Still, a remarkable display of unity greeted returning administration negotiators. While the Goodell occupation did not mark a momentous victory for advocates of affordable childcare, the show of solidarity behind the issue proved that the occupation was only a beginning in the fight.
Because of the delays and the general fatigue, the students did not leave the building until 2:30 PM. Most had spent 125 hours inside, but they emerged to a joyous crowd outside. Some occupiers were dancing, some raising their fists in the air, some hugging everyone in sight, while others were crying or blinking like theyd been lost in a cave for the past few days.
Aftermath
Since the Goodell occupation, many have found the UMass, Amherst campus to be a more enlightened and purposeful place. Alliances forged over the week have remained and solidified. The Administration had made an agreement with a much smaller group of ALANA protesters in 1992 and that was allowed to slip.

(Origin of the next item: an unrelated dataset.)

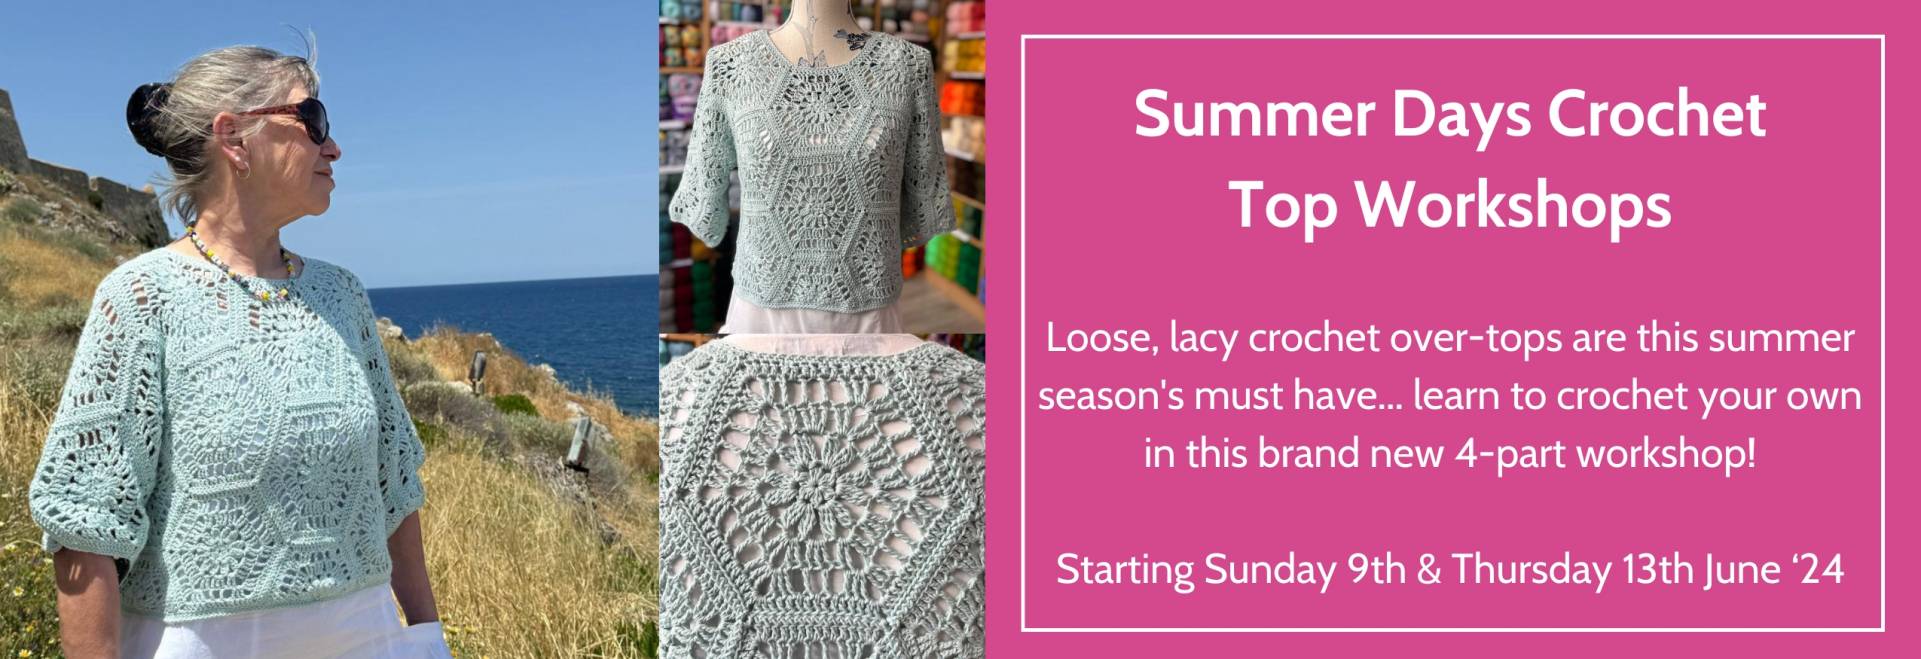 Summer Days Crochet Top Workshop Banner

In 1997, with almost every student group that ever gave a thought to social justice in the Five College area involved, the movement has taken on a life of its own. Activism has become infectious, as students found that they have sustaining power in themselves and in each other. ALANA students and their myriad of allies are determined that 1997 agreements will be implemented.
A sign greeting students as they have come back to school after spring break read, "The Goodell occupation is over, but we still occupy this campus!"
Dickie Wallace is a graduate student and graduate employee in the Anthropology Department at UMass, Amherst.